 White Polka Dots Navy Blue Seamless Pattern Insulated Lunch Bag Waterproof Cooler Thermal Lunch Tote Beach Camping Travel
___
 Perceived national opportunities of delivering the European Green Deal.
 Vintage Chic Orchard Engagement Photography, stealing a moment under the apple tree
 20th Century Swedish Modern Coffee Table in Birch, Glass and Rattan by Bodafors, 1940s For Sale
___
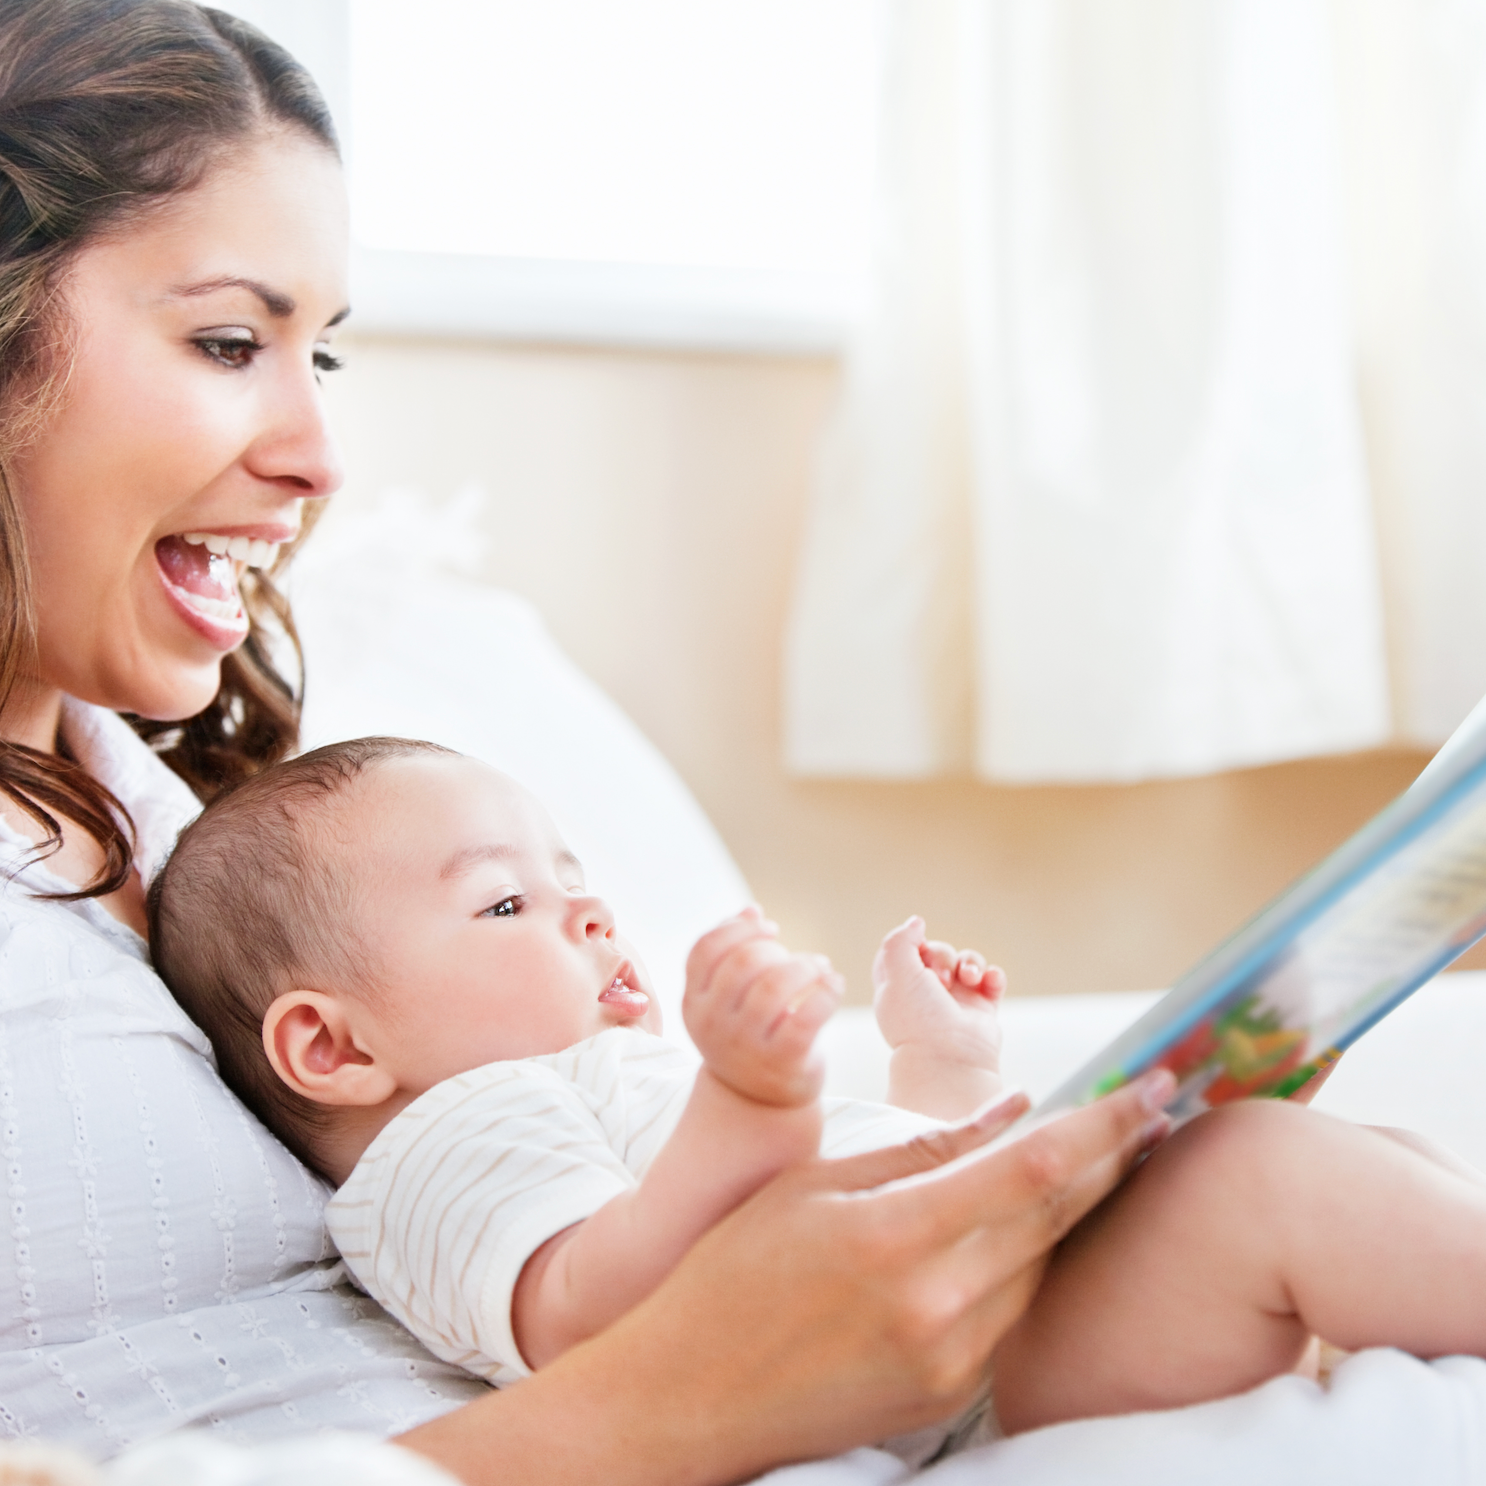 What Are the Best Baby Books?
___
Problem description ->
Go through the material above and output exactly the lines from the one containing "Perceived national opportunities" through the one containing "20th Century Swedish".

Response below ->
 Perceived national opportunities of delivering the European Green Deal.
 Vintage Chic Orchard Engagement Photography, stealing a moment under the apple tree
 20th Century Swedish Modern Coffee Table in Birch, Glass and Rattan by Bodafors, 1940s For Sale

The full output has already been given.